Only 6 percent of colorectal cancer diagnoses were occurring in patients under 50 years old in 1990. That number has gone up by about 2 percent consistently each year. Even with these numbers rising, colorectal cancer is still primarily diagnosed in patients over 50. In recent years there have been efforts to increase awareness of early-onset colorectal cancer with the goal being to decrease misdiagnoses and later stage diagnoses.

Issues at Diagnosis

A significant problem with early-onset colorectal cancer is that medical professionals are trained to think of common diagnoses first before exploring rarer ones.

Many symptoms of colorectal cancer can be explained by other medical conditions such as irritable bowel syndrome or hemorrhoids,” Christopher Lieu, MD, explains, “Unless there are indicators that the person may be at a higher risk of developing the disease, more often than not doctors will not start looking for cancer right away.”

This is problematic when a young person actually has cancer.
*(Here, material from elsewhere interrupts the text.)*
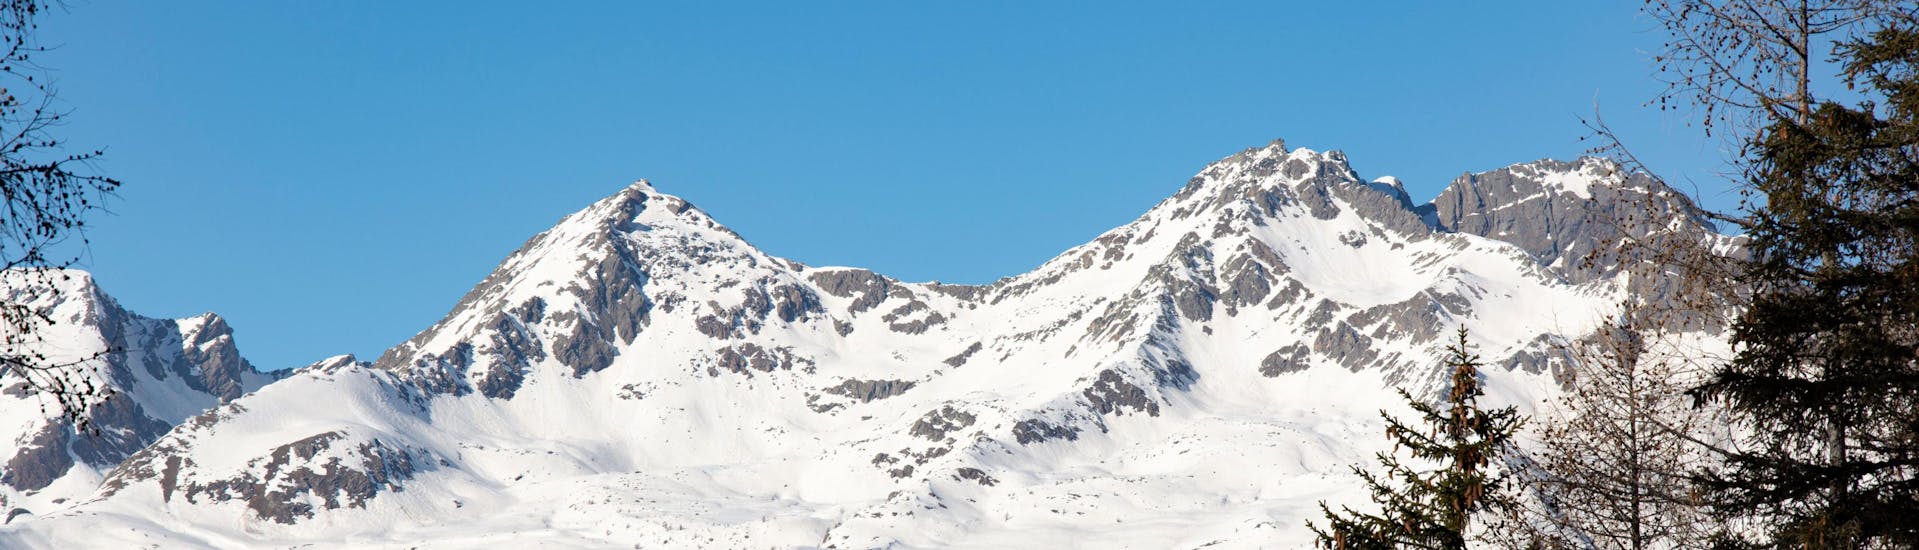 Paisaje invernal cerca de Daolasa - Commezzadura donde se pueden reservar clases de esquí.
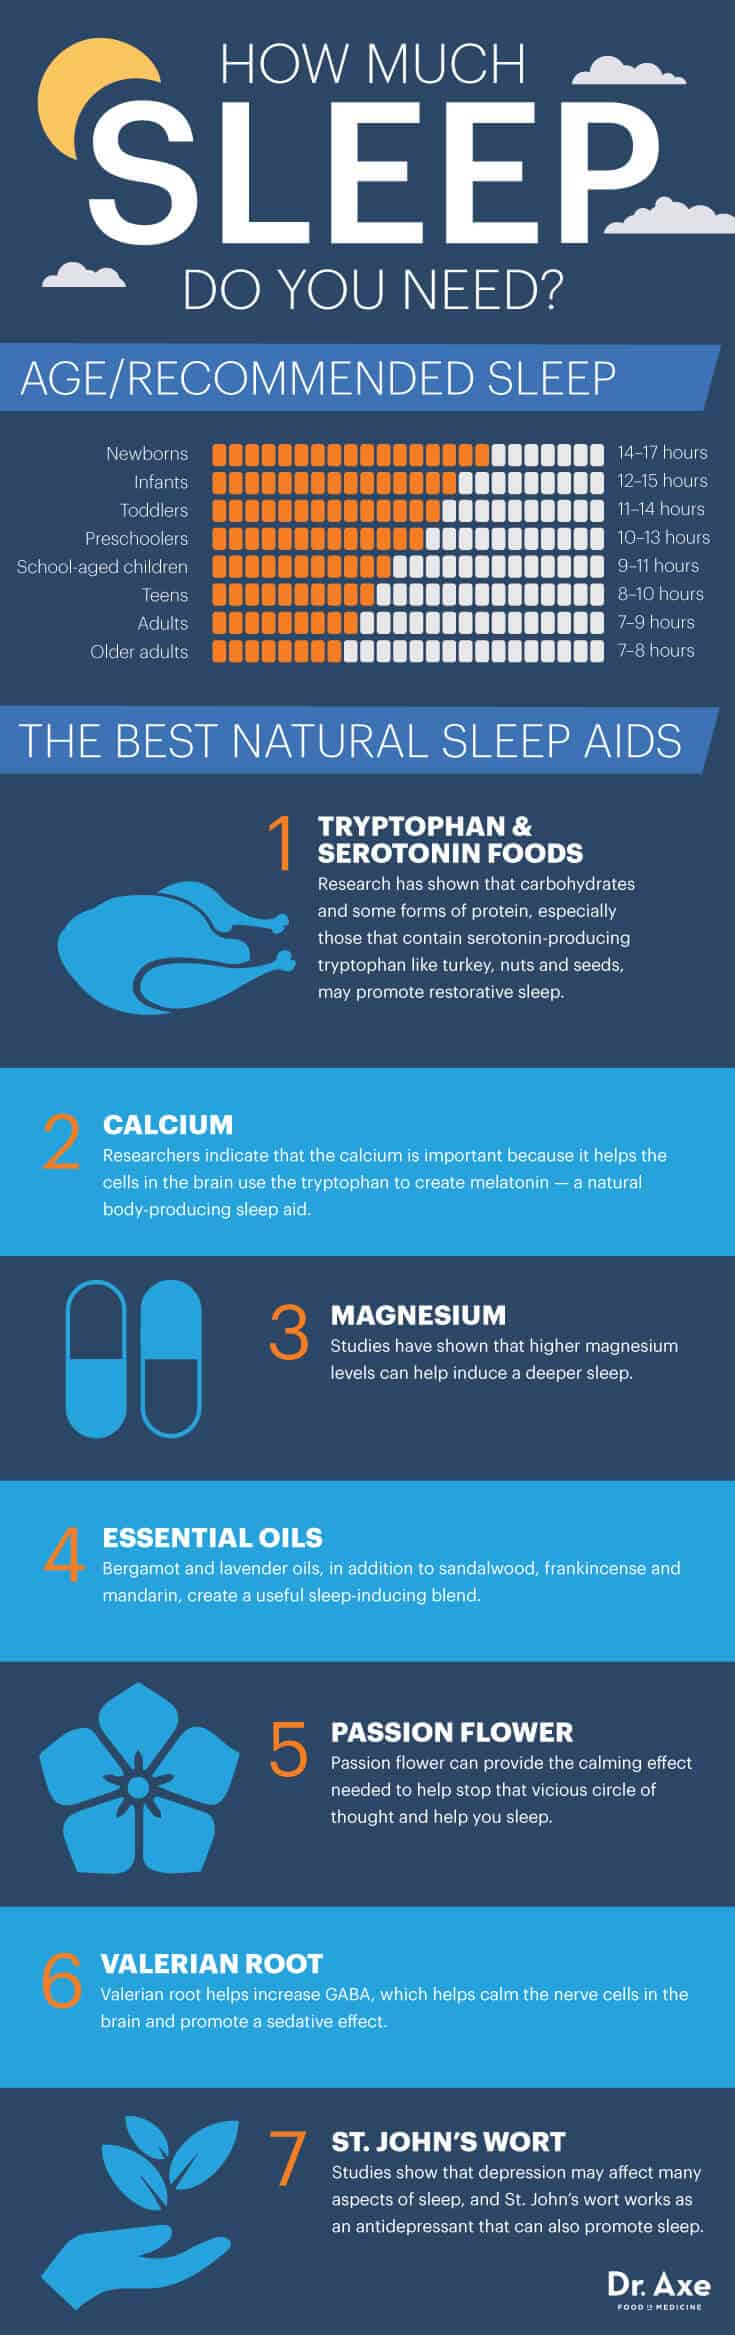 7 natural sleep aids that work to improve sleep & health - dr. axe

A sample of statistics on young people from the Colorectal Cancer Alliance demonstrates the need for greater awareness of early-onset colorectal cancer:

 82% of young cancer survivors were initially misdiagnosed

 73% were diagnosed at a later stage

 67% saw at least two doctors before being diagnosed

“It is vital that the medical community becomes aware that more young people are being diagnosed,” Ahnen reports. “When a patient comes in with symptoms like rectal bleeding, persistent abdominal discomfort, we need to consider that colorectal cancer could be what is causing the symptoms.”